**Aim of the task**
Write out the following listing's lines from the one with "Olympic Games 1984" to the one with "sterling silver minimalist", exactly, with both included and no others.

**Given data**
========

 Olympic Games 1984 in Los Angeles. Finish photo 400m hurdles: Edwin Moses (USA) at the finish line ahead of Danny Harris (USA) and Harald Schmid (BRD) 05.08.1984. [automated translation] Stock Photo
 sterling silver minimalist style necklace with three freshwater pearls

========

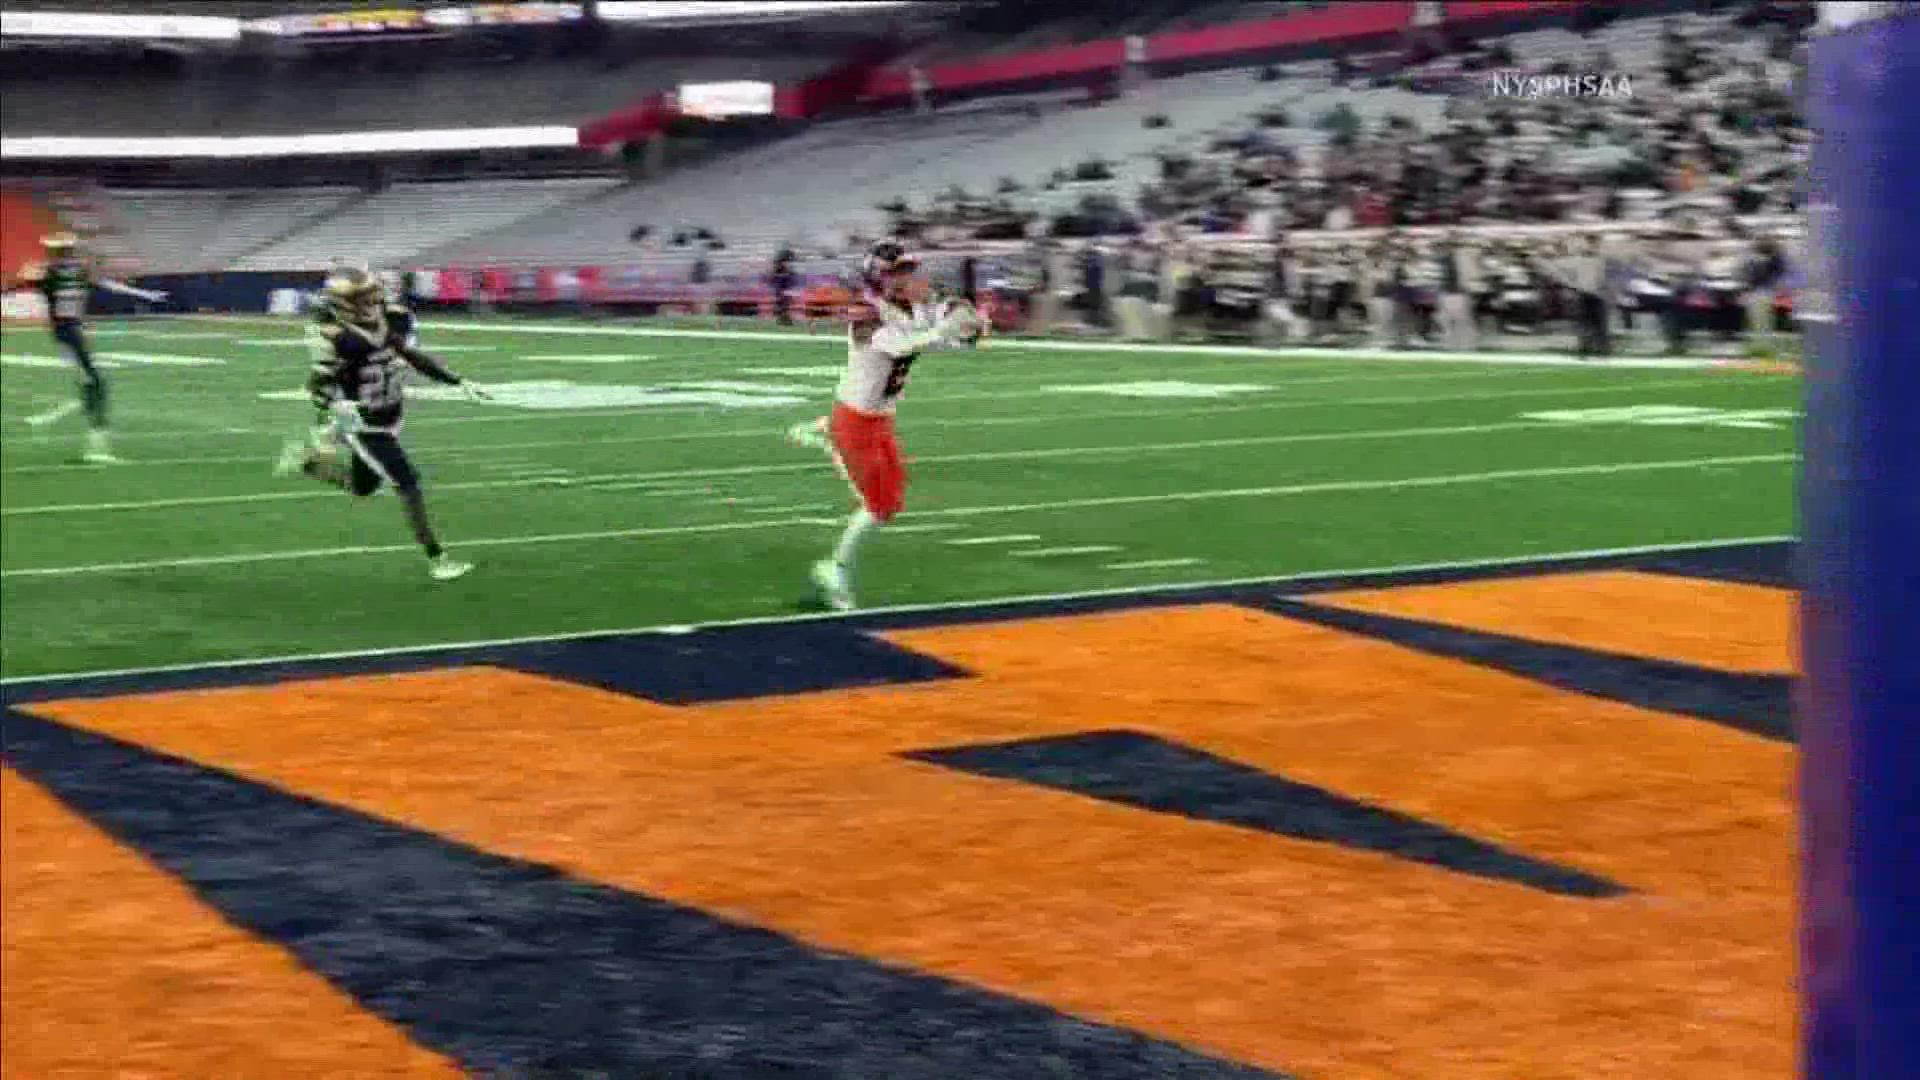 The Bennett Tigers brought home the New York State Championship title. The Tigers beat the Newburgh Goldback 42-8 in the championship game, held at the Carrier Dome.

========

**Response area**
 Olympic Games 1984 in Los Angeles. Finish photo 400m hurdles: Edwin Moses (USA) at the finish line ahead of Danny Harris (USA) and Harald Schmid (BRD) 05.08.1984. [automated translation] Stock Photo
 sterling silver minimalist style necklace with three freshwater pearls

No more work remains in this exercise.